# Exercise brief:
Reproduce the section of the listing that begins at the line containing "Drei Biedermeier-Sessel mit" and finishes at the line containing "FORCE rukavice F". Include both end lines and nothing beyond them.

# Available data:
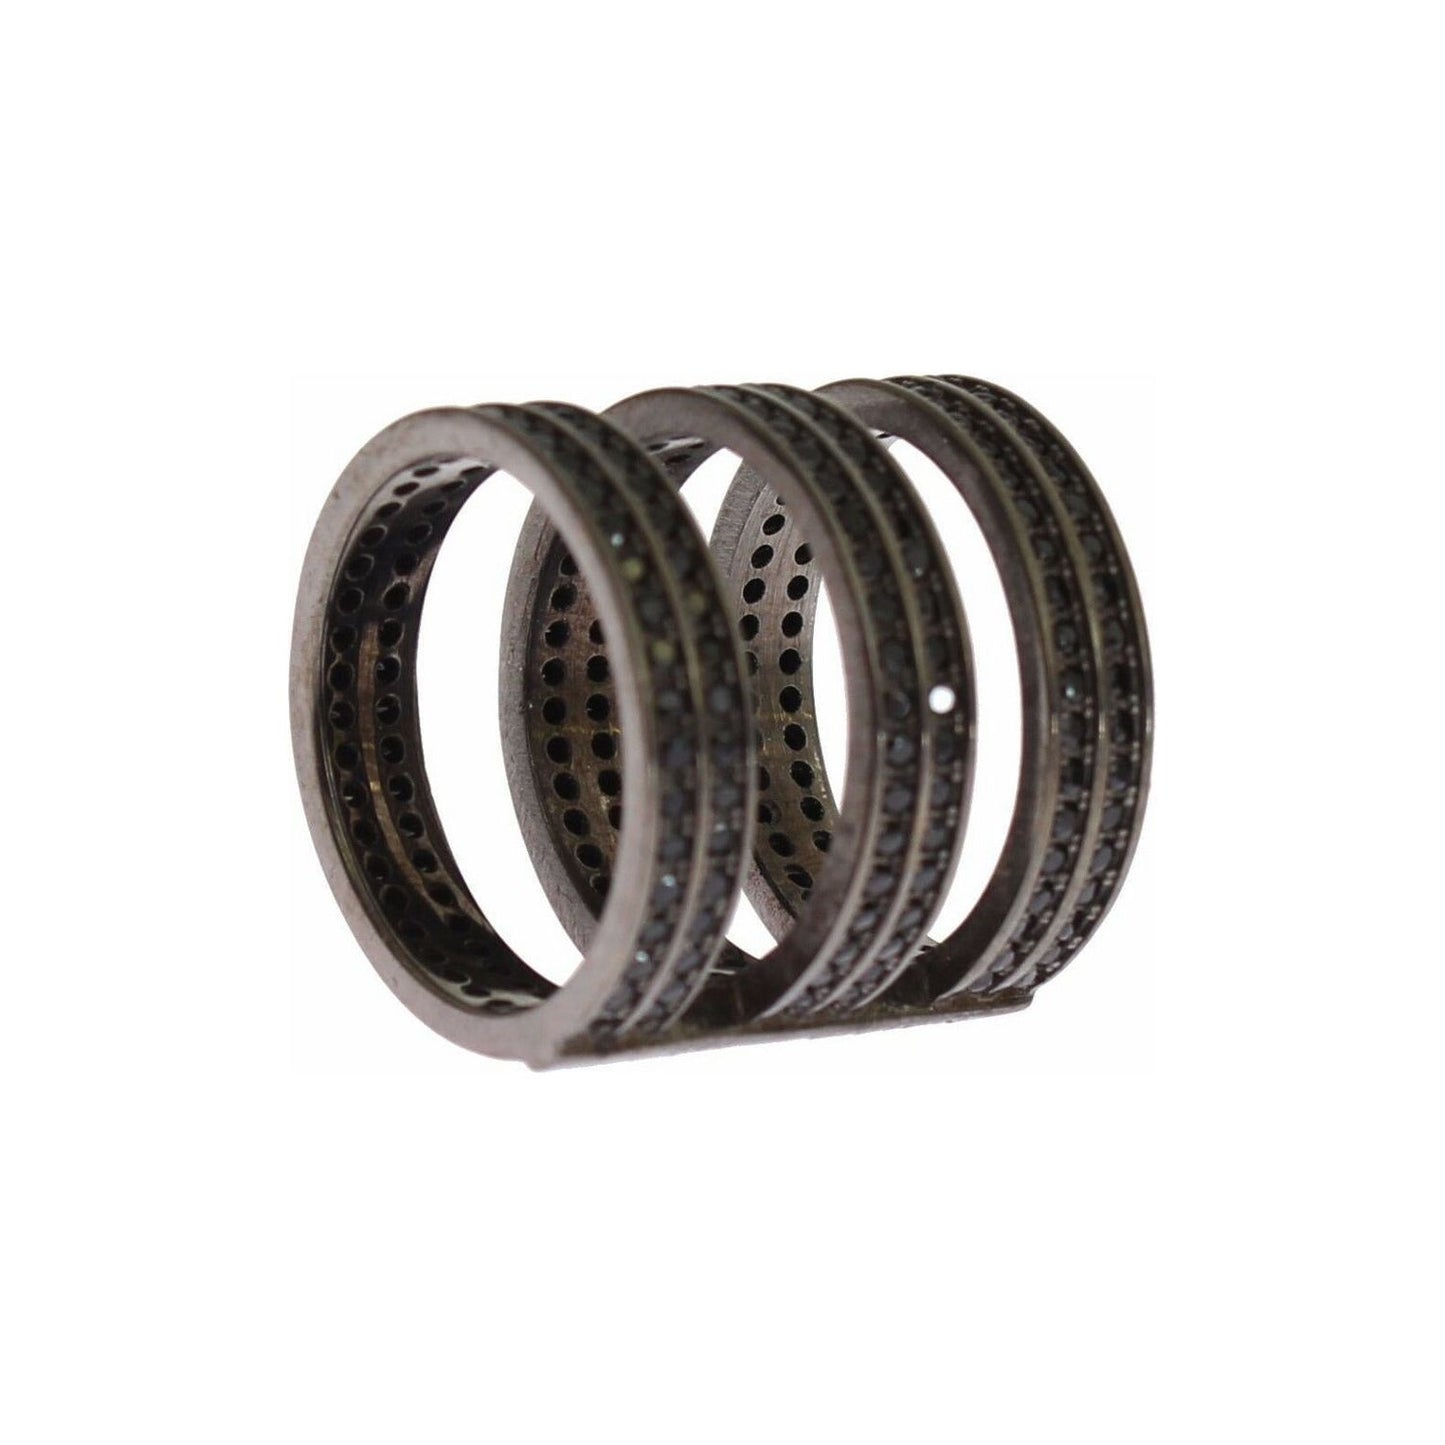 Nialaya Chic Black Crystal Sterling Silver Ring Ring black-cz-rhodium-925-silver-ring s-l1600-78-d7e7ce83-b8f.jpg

==

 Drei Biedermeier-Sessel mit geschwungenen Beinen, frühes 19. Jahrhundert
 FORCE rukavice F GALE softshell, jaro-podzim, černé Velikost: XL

--

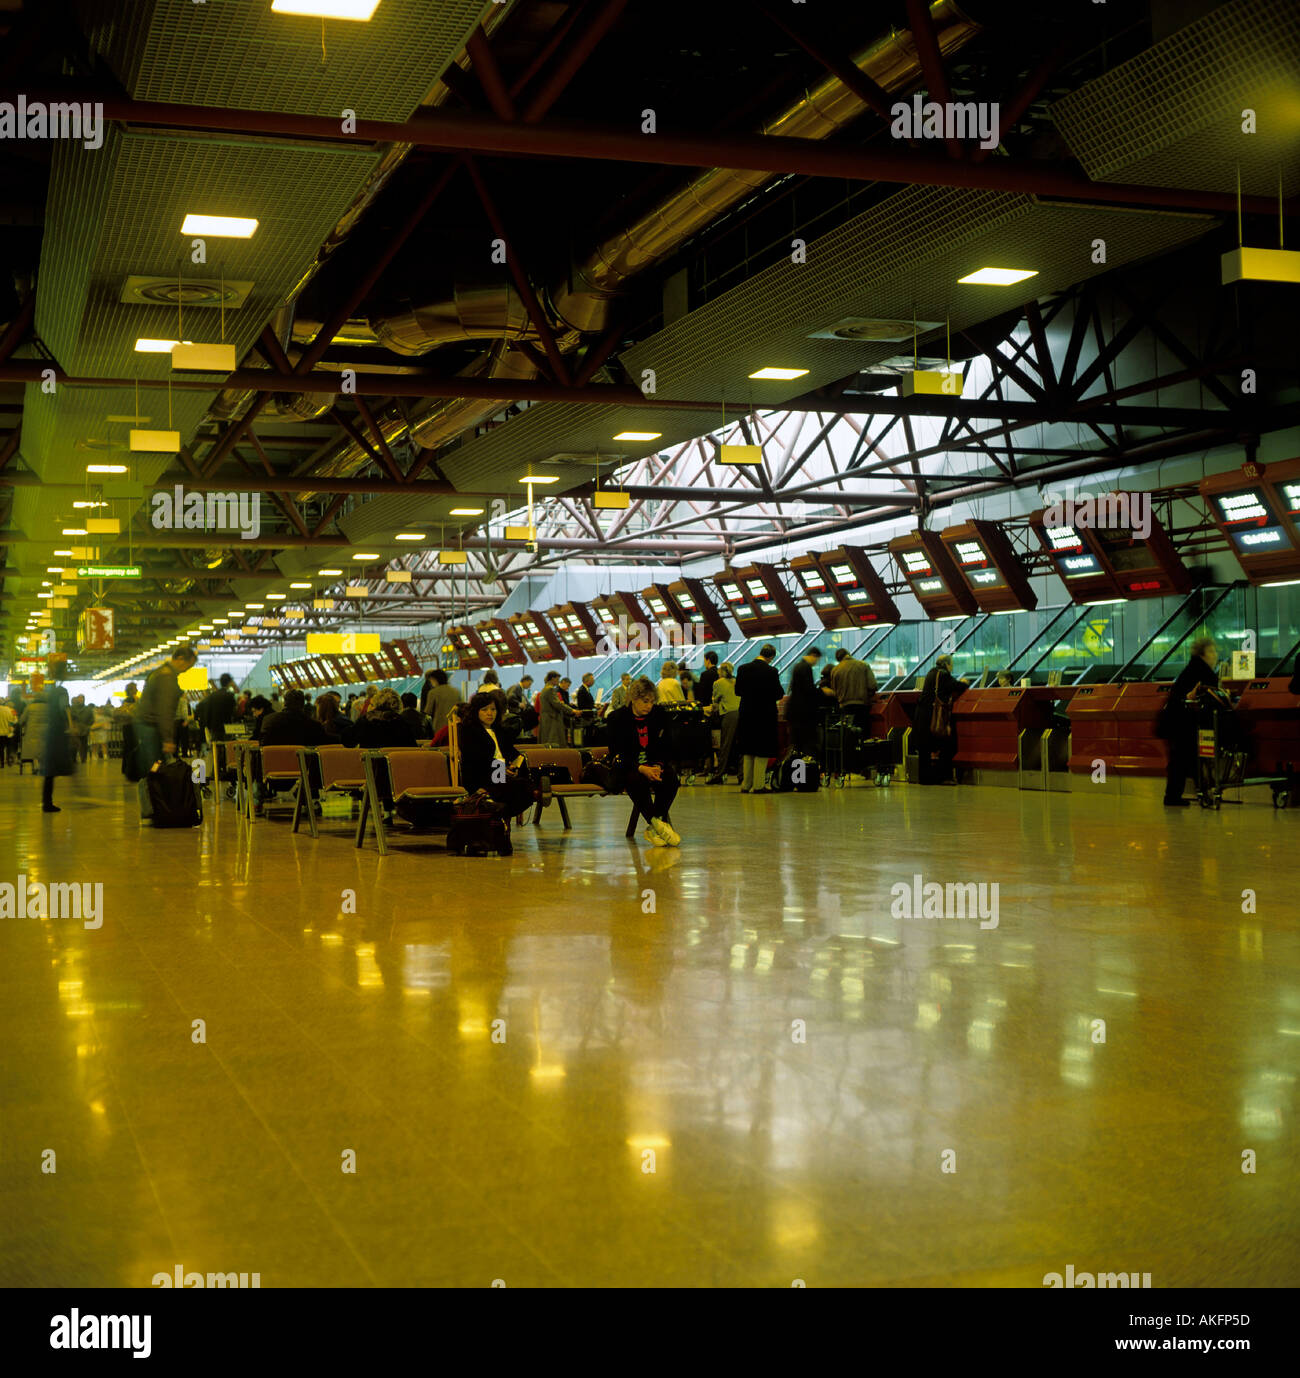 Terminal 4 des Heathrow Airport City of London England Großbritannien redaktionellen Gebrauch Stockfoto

# Answer below:
 Drei Biedermeier-Sessel mit geschwungenen Beinen, frühes 19. Jahrhundert
 FORCE rukavice F GALE softshell, jaro-podzim, černé Velikost: XL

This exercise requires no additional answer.